The program will aim to provide a specialized curriculum, focusing on content creation and talent development, to promote and support the hiring of Louisiana residents in the state’s entertainment industry. The performance-based grant, administered by Louisiana Economic Development, will be awarded to LSU in five annual installments of $250,000, to cover instructional equipment as well as faculty and administrative costs.
“Our Entertainment Development Fund aims to prepare Louisiana residents for the broad range of quality jobs that the entertainment industry is creating in our state,” Gov. John Bel Edwards said. “I am excited to see our flagship university join in this effort, with plans for an innovative new course of study in production and filmmaking for new media. The fund was created with workforce development and education in mind, and LSU will support both with this exciting program.”

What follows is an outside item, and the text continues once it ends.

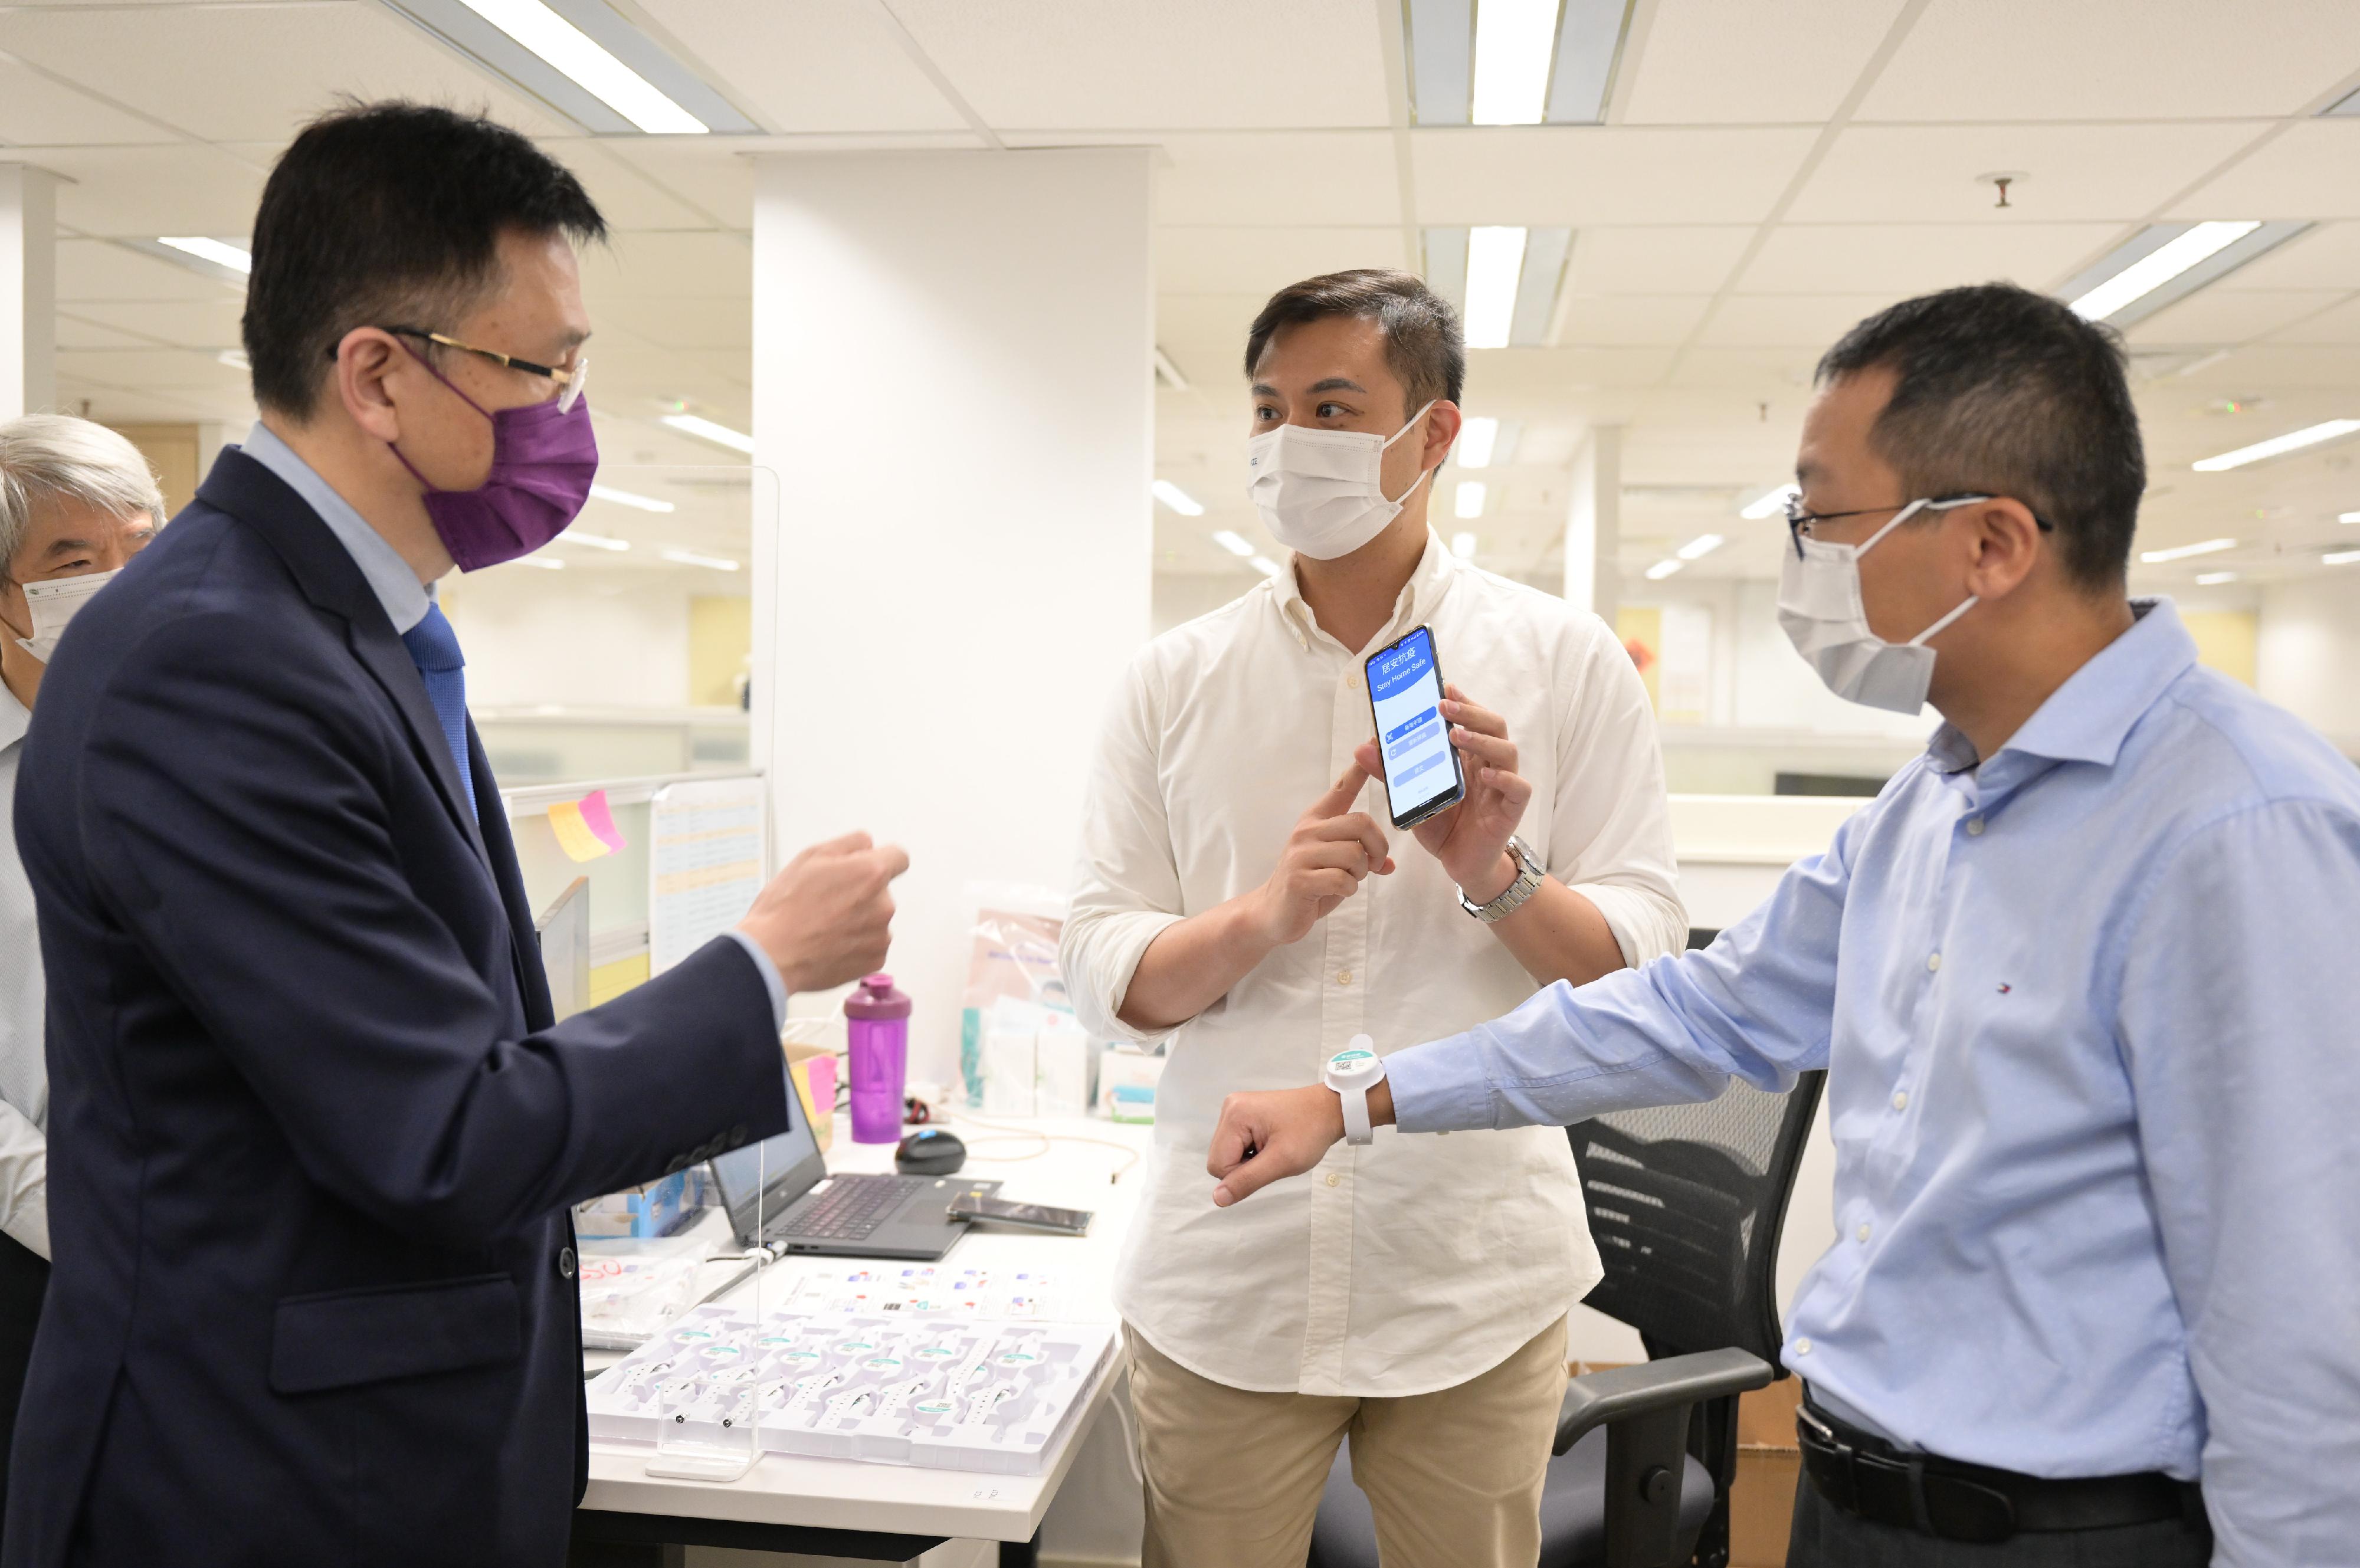 The Secretary for Innovation, Technology and Industry, Professor Sun Dong (left), visits the Compulsory Quarantine Support Centre set up by the Office of the Government Chief Information Officer (OGCIO) in Wong Chuk Hang today (August 12) to learn about how the OGCIO has used electronic wristbands pairing with the "StayHomeSafe" mobile application to help monitor persons under home isolation to ensure that they stay in the designated premises during the isolation period.

The new LSU program will connect and build upon existing programs in seven colleges, centers and schools: Digital Art (LSU School of Art); Film & TV and Experimental Music & Digital Media (LSU College of Music & Dramatic Arts); Screen Arts (LSU College of Humanities & Social Sciences); Digital Media Arts & Engineering, Electrical Engineering, and Computer Science (LSU College of Engineering); and the LSU Center for Computation & Technology.
The effort will help secure the state’s position in a rapidly changing film and television industry where motion pictures increasingly rely on photorealistic gaming technologies for backgrounds and special effects. Over 300 students at a time will be able to cross-train and collaborate in novel ways on projects on the frontier of virtual and augmented reality using emerging cinematic techniques, whether they enter the program based on interests in gaming technology, visual effects, filmmaking, animation, art, music, performance, screenwriting, engineering or computer science.
In coming months, LSU will build a state-of-the-art virtual production stage, or XR studio, in its Digital Media Center, also home to the university’s Center for Computation & Technology and EA Baton Rouge. The XR studio will have a full-scale LED wall, photogrammetry, motion capture and motion control to create virtual sets, performances and cinematography for virtual production education and curriculum development.
“The new studio will place LSU at the forefront of real-time filmmaking and empower our students’ work for years to come,” said Marc Aubanel, director of the LSU Digital Media Arts & Engineering program. “The program will open up more positions in digital art for the state of Louisiana, including modelers, level designers, animators, lighters and CG supervisors.”
“By building an XR studio that plays on the convergence of virtual, mixed and augmented reality, we can design tailored experiences that immerse its builders, participants and viewers,” said Derick Ostrenko, digital art area head in the LSU School of Art with a joint appointment in the LSU Center for Computation & Technology. “Using real-time technology for compositing, visualization and post-production allows for faster iteration and on-set improvisation.”
In addition, LSU is entering the Unreal Academic Partner Program by Epic Games, developer of the Unreal Engine 3D creation platform. Through this new partnership, LSU students will gain access to additional training resources and advanced information on internships and hiring events.
“We’re thrilled to welcome Louisiana State University as an academic partner, where it will continue to build the bridge between classroom and industry,” said Julie Lottering, director of Unreal Engine Education at Epic Games. “There is ample opportunity ahead for creators in emerging fields like virtual production, and this is an excellent example of how to prepare students for the future.”
The Entertainment Development Fund is a key feature of the motion picture incentive program enhancements signed into law by Gov. Edwards in 2017. This is the fourth EDF grant announced since the fund was launched earlier this year.